"Anyone who says the individual mandate isn't in any trouble is just deluding themselves," Goldstein said. "It's not clear that it will be struck down but you cannot say from those arguments, that it's anything other than a toss-up. The (Obama) administration had as hard a time from those justices as they could have expected, and they are desperately hoping that they can pull together a fifth vote in favor of the mandate."
The justices never discuss internal strategy, and the full story of how health care was decided in the marble halls of the court may never be fully known.
The current waiting game has prompted anxiety and a touch of political rancor outside the court.
Legal sources say the White House has quietly set up an informal "war room" of sorts, ready to respond when the rulings are handed down.
Low-key coordination is under way between the White House Counsel's office, Political Office, senior Oval Office and campaign staff, Capitol Hill Democrats, as well as select outside advisers and friendly advocacy groups.
Republicans are quietly doing the same, with outreach to conservative activists and candidates. Managing the message will be all-important in a presidential election year.
Publicly, Obama has said he was "confident that the Supreme Court will not take what would be an unprecedented, extraordinary step of overturning a law that was passed by a strong majority of a democratically elected Congress, and I just remind conservative commentators that for years, what we've heard is, the biggest problem on the bench was judicial activism or a lack of judicial restraint, that an unelected group of people would somehow overturn a duly constituted and passed law."
Some conservative critics interpreted those remarks as a challenge to judicial authority, suggesting Obama was putting direct political pressure on the high court. Patrick Leahy, D-Vt., chairman of the Senate Judiciary Committee, urged the bench -- and Chief Justice John Roberts in particular -- to "do the right thing" and uphold the mandate.
Presumptive Republican presidential candidate Mitt Romney used the same words when urging a different outcome.
"I hope they do the right thing and turn this thing down," Romney told donors last week in Atlanta. "And say it's unconstitutional, because it is."

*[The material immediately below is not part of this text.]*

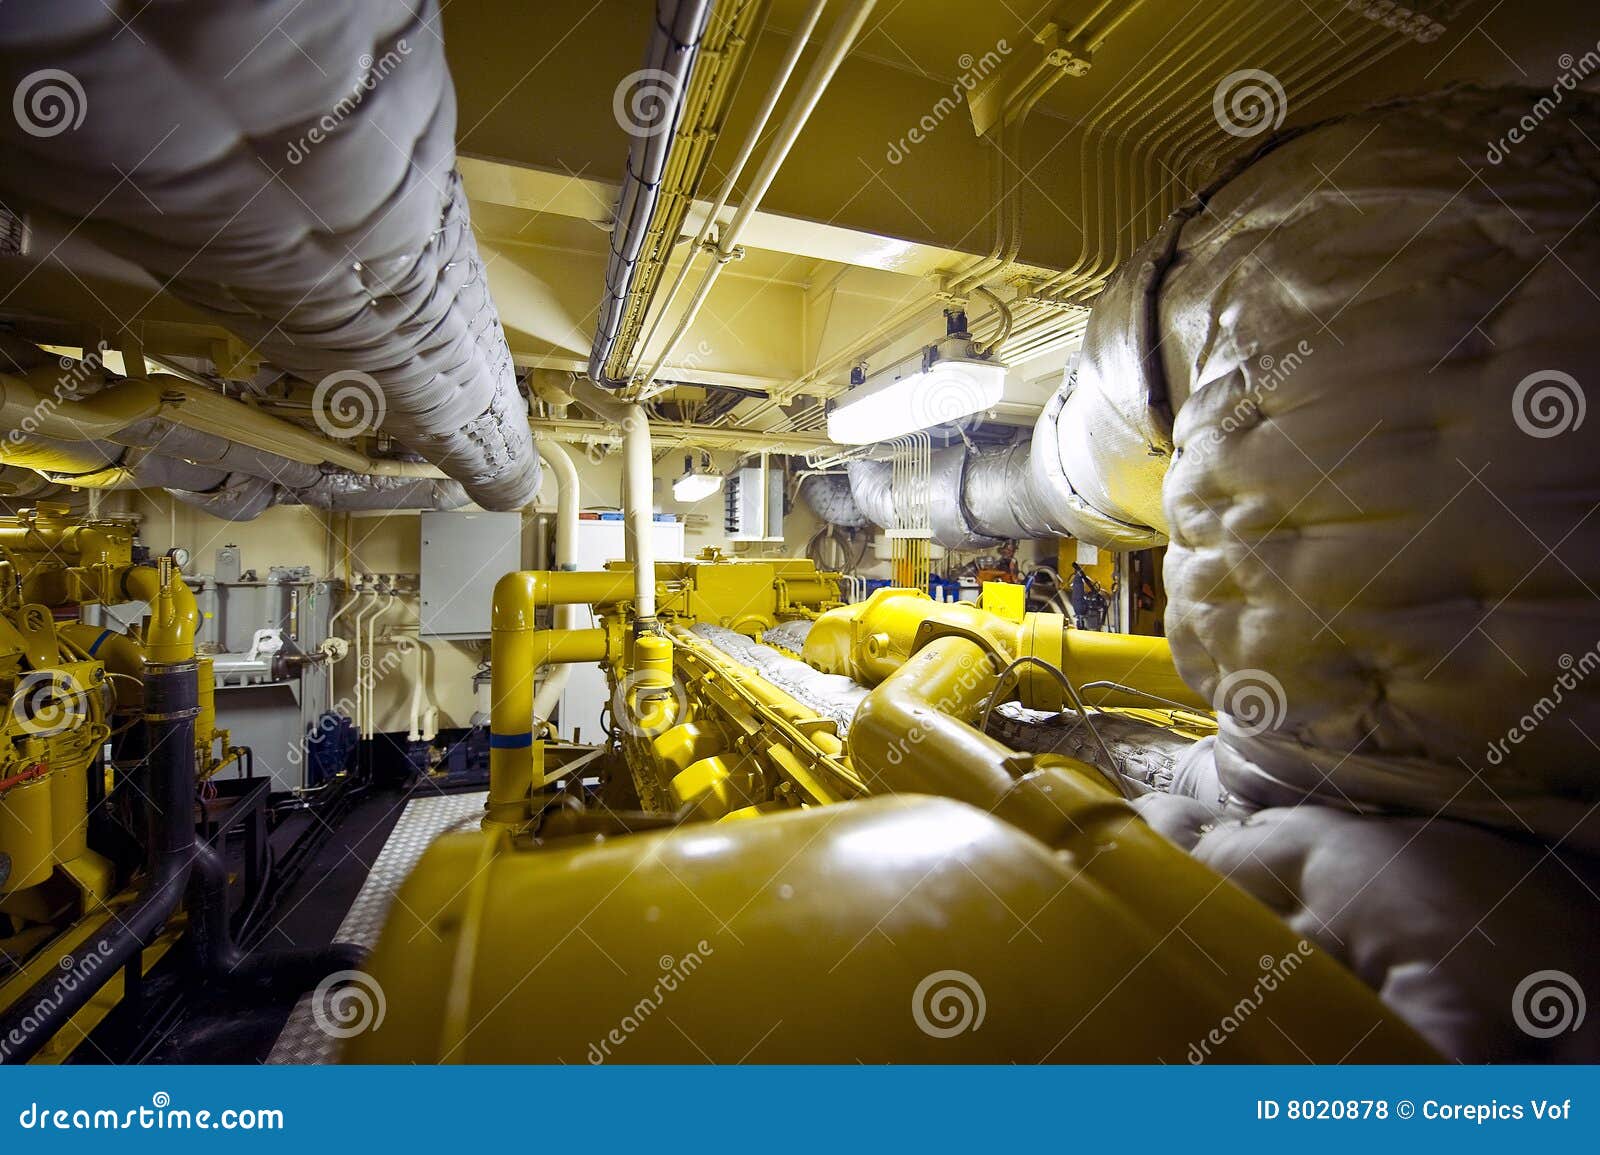 tugboat engine room

No one doubts the health care cases will have an immediate impact on Obama's re-election chances, as well as the long-term credibility of the federal courts, which are supposed to be beyond politics.
Recent polling suggests a "legitimacy crisis" in the Third Branch. A New York Times/CBS poll this month shows only 44 percent of Americans approve of the Supreme Court's job performance -- a steady drop over recent years. Three-quarters of those polled now say the justices are sometimes influenced by their political views.
A separate CNN/ORC International poll released June 8 found a majority -- 51 percent -- oppose the health care law in general, most because they think it is "too liberal," while 13 percent think it is "not liberal enough;" 43 percent of those surveyed favor the law.
The key players could be two conservatives on the court: Roberts and Justice Anthony Kennedy, long labeled a "swing" vote.
"With the four more liberal justices almost certain to vote to uphold the individual mandate, the administration is really hoping for the votes of either the chief justice, who signaled that he had questions for both sides," said Goldstein, "or the traditional swing vote in the court, Anthony Kennedy, who really was tough on the government lawyer but toward the end suggested that maybe insurance was special enough that he could vote to uphold the mandate."
Roberts has long talked about achieving consensus on divided issues, saying it brings long-term credibility and public confidence to the court's work. It has been mostly a pipe dream, as his nearly seven years of leadership has shown a continuing 5-4 conservative-liberal split on most hot-button issues.
"The court is bitterly divided over the individual mandate," Goldstein noted, "so if the administration is going to get his vote, it's either because he believes in a broad federal power or that he doesn't believe that the Supreme Court shouldn't overturn such an incredibly important economic statute."
Health care will soon enter the history books, among the handful of the high court's greatest cases, the outcome no doubt monumental -- legally, politically, socially. An issue that affects every American will naturally attract that kind of attention.
Picking winners and losers at this stage is a subjective, even partisan, exercise. The court itself will be both cheered and vilified however it rules. But as an institution, it has survived similar crises of confidence over its discretionary authority: slavery, racial integration, corporate power, abortion -- even Bush v. Gore.
Rapid-fire reaction to health care will be swift and furious, from the campaign trail, professional punditry, and halls of government. Some individual Americans stand to gain from the decision, others could be hurt -- financially, emotionally, and physically.
So why entrust all this in the hands of nine judges?
The Supreme Court usually gets the last word in these matters, regardless of whether one agrees with their decisions -- even matters of life and death, which many argue are the stakes in this health care debate.
Justice Robert Jackson may have put it best: "We are not final because we are infallible, but we are infallible only because we are final."